Sensor-based soil moisture distribution.
Average daily soil moisture contents (ASMC) during the fall season were 0.12 cm3·cm−3 and 0.14 cm3·cm−3 for DI and FI, respectively (Fig. 3A and C), whereas the ASMC were 0.10 cm3·cm−3 and 0.11 cm3·cm−3 for DI and FI, respectively, during spring season (Fig. 3B and D). The variation in the soil moisture content (SMC) between the two seasons was due to the differences in rainfall events before planting and early after planting during each season. The fall season (planting date 9 Sept.) was preceded by periods of high and frequent rainfall events (from June to August) compared with a drier period (November to January) that preceded the spring planting date (2 Feb.). Similarly, the higher rainfall events (≈187 mm) observed early (within 40 DAT) during fall also contributed to the higher SMC compared with 29 mm observed during spring for the same period after transplanting.
Average daily soil moisture content at full irrigation (A, B) and deficit irrigation (C, D), and daily precipitation events during Fall 2016 and Spring 2017 production seasons in Immokalee, FL.
Citation: HortScience horts 55, 11; 10.21273/HORTSCI15177-20
Average daily soil moisture content at full irrigation (A, B) and deficit irrigation (C, D), and daily precipitation events during Fall 2016 and Spring 2017 production seasons in Immokalee, FL.
Citation: HortScience horts 55, 11; 10.21273/HORTSCI15177-20
Average daily soil moisture content at full irrigation (A, B) and deficit irrigation (C, D), and daily precipitation events during Fall 2016 and Spring 2017 production seasons in Immokalee, FL.
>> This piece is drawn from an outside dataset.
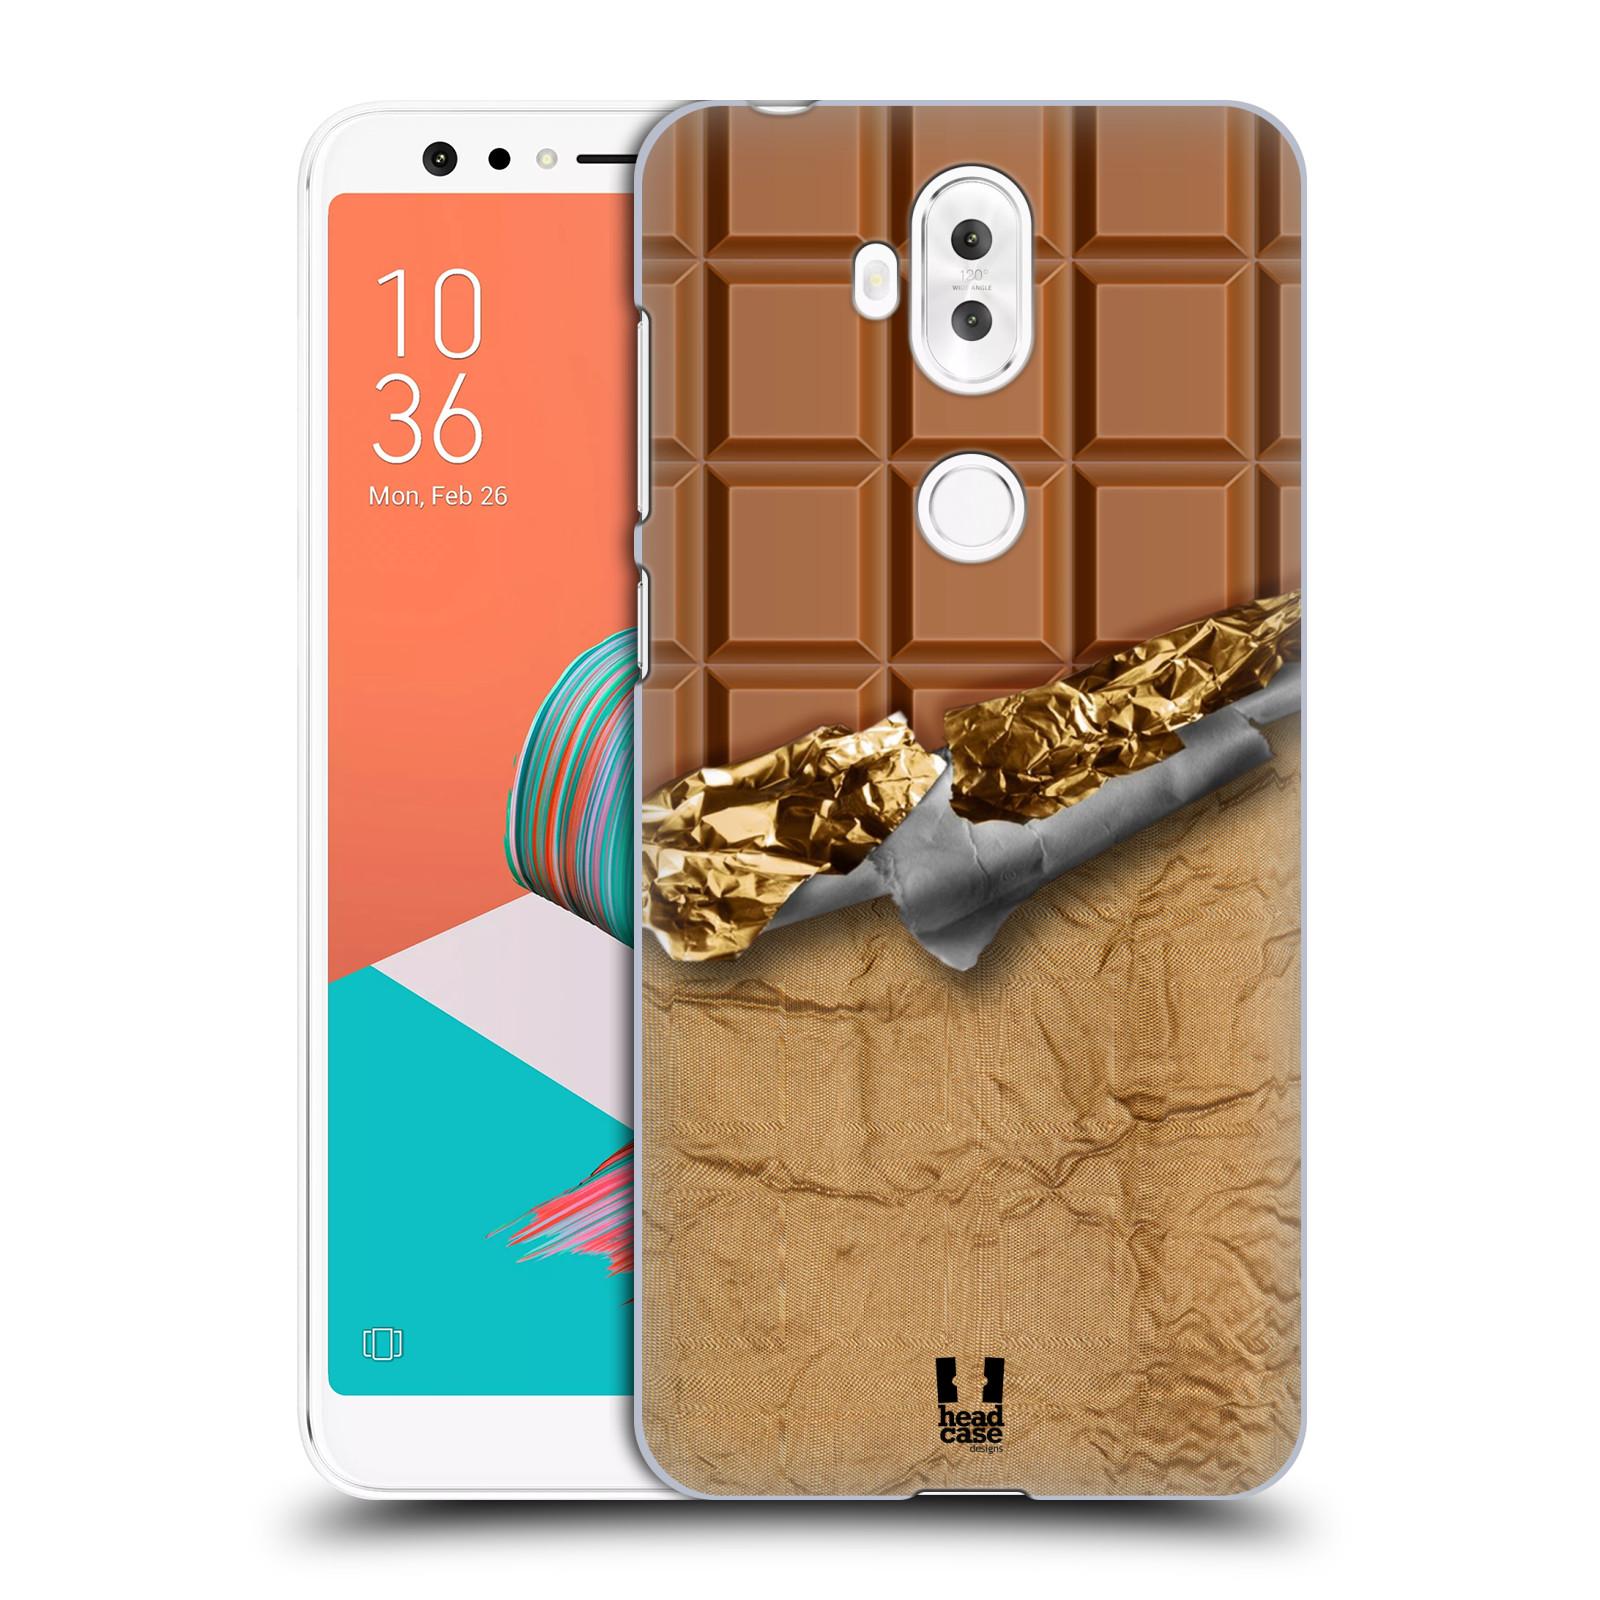 Plastové pouzdro na mobil Asus ZenFone 5 Lite ZC600KL - Head Case - ČOKOFOILED (Plastový kryt či obal na mobilní telefon Asus ZenFone 5 Lite (ZC600KL) s motivem ČOKOFOILED)

Citation: HortScience horts 55, 11; 10.21273/HORTSCI15177-20
Based on the previously described moisture characteristics of the soil at the study location with a field capacity of ≈0.10 cm·cm−3 of SMC (Kadyampakeni et al., 2014), the observed soil moisture levels in both seasons indicated ample moisture conditions for plant uptake, especially for the FI irrigation schedule (Fig. 3A and B). Although ASMC was higher early in the fall season, moisture levels declined steadily (due to the low water-holding capacity of the soil at the study site) during the season. In the fall season, SMC declined faster for DI (Fig. 3C) early during the growing season compared with the FI treatment (Fig. 3A). At soil depths of 25, 35, 45, and 55 cm, ASMC started to steadily decline at ≈35 DAT for treatments with DI; however, the moisture contents at soil depths of 45 and 55 cm were steady until ≈55 DAT under FI. Despite the effects of rainfall on SMC early during the fall season, SMC within the top 15 cm of the soil depth was lower for DI compared with FI. The faster decline in SMC and lower moisture content under DI during the fall season was attributed to lower irrigation applications; hence, this could reduce the leaching potential compared with FI. This suggests that early in the season (from growth stages 1 to 2), lower irrigation applications (DI) could fulfill the tomato water requirement, especially during the wet growing season in Florida sandy soils. This practice may enhance water conservation and may contribute to mitigating nutrient leaching early in the season. This practice could have important economic and ecological benefits in Florida because it is a common practice for most vegetable growers to apply 100% of the total season fertilizer before planting (Ozores-Hampton et al., 2015).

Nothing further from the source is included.